On my travels I found my more critical traits to have returned. On the singing course, why could I not simply celebrate day after day of singing in lovely surroundings and the chance to meet many truly wonderful people? I could do all that, but I also found myself comparing the charms of Northampton and its Smith campus unfavourably to its European peers, and noting how much even a small fraction of the alumni generosity showered at Smith could improve the decrepit public school system. I also started griping about some singers who talked too much and caused us to learn pieces more slowly than we could have, and the many flaws I perceived in the workshop design and teaching. This was the old curmudgeonly Graham re-emerging, to the detriment of everyone, including me. By the penultimate evening I was really quite angry, and it took me some days to realise how this anger only rebounded on myself and those unfortunate souls who happened to be in its path.
The same sort of thing happened again in Canada. Why could I not simply celebrate a joyful, relaxed week with my wife and her impressive, generous and kind family? I could indeed do that, but less benign thoughts came to the fore as well. We visited the splendour of Niagara Falls, but I could not help but feel angry about how the pristine natural wonder had been compromised by the horrors of US and Canadian urban planning, pandering to ugly corporate interests and the worst aspects of human nature. Then we returned to Mississauga, as ugly a sprawling suburb of an ugly city as could be imagined. My wife’s relatives have found happiness there and made wise choices, but I could not stop myself becoming angry at the endless rows of boxy houses, all with multiple large cars parked outside, interspersed only with shopping malls and parking lots.

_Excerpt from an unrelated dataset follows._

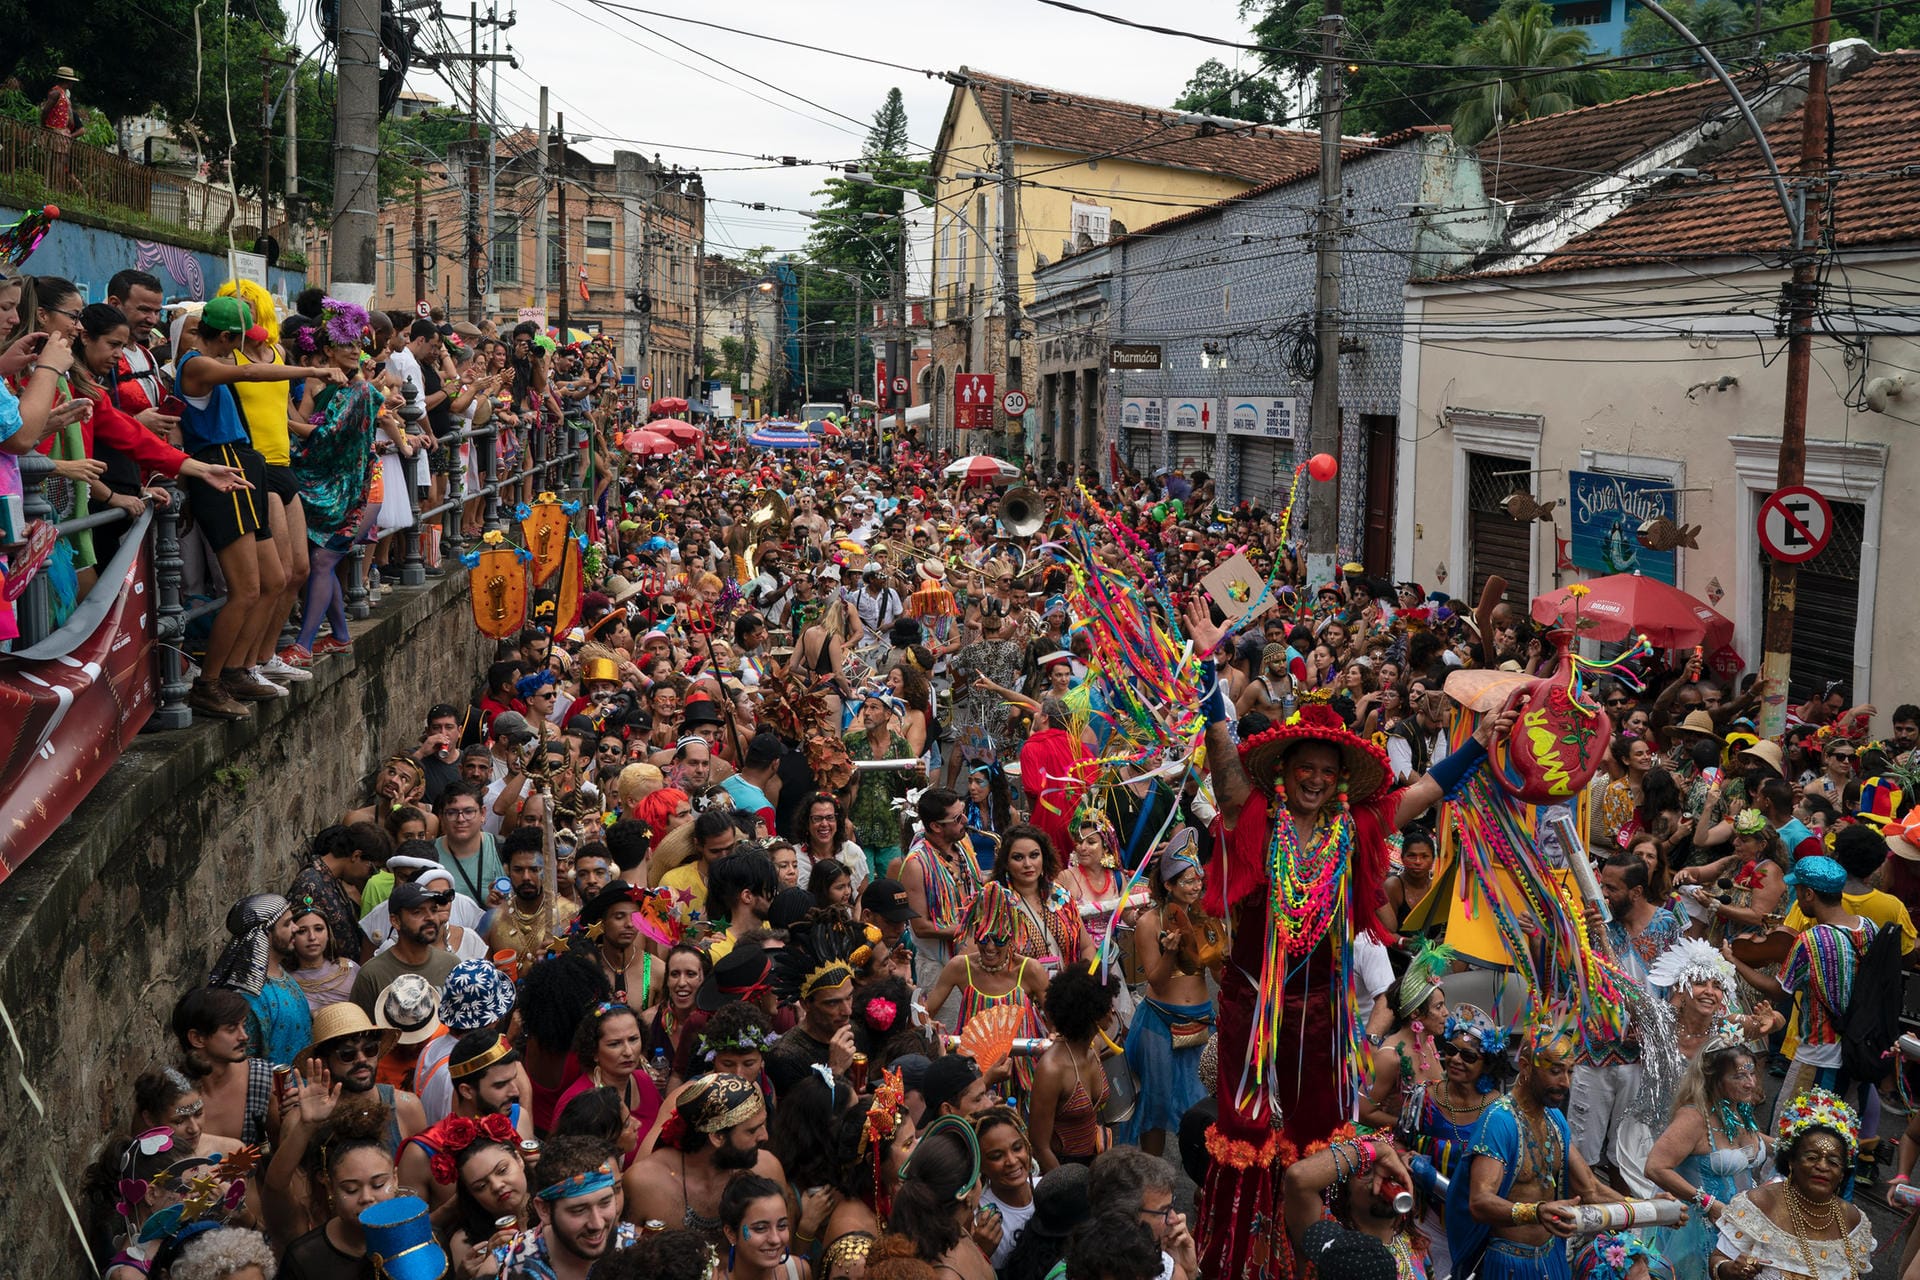 Kostümierte Karnevalsteilnehmer feiern beim Straßenfest «Ceu na Terra» (Himmel auf Erden) im Viertel Santa Teresa.

This sort of negative thought came frequently to my mind during the long anti-US phase immediately prior to diagnosis, and now I see how I managed to move past them over the months when cancer expunged almost everything else. But in bonus time, cancer sometimes takes a welcome back seat, and the negative stuff occasionally takes its place alongside the positive emotions centred on gratitude. For a long time I managed to avoid becoming too angry with the US news, but now the prospect of another Trump-infested election cycle starts to fill me with horror, as does the other relentless garbage that passes for news, while real public policy issues are completely ignored. How can somewhere so wealthy tolerate so many of its people living in abject poverty? What on earth is the rationale behind China policy, beyond a childish macho desire to remain top dog? Six months ago I felt ready to delegate such challenges to the next generation, but now I find myself being sucked back into the ugly mess.
Fortunately, most of the time I still find myself able to move past these negative thoughts, relying on the good practices I acquired during the period before the start of bonus time. Anger and bitterness help nobody, grief and sadness are fine but can be overcome by love and kindness and gratitude, leading to companionship, acceptance and peace. I can be thankful to have been granted this bonus time to strengthen these positive emotions, for my sake and that of those that I love. It is not so difficult.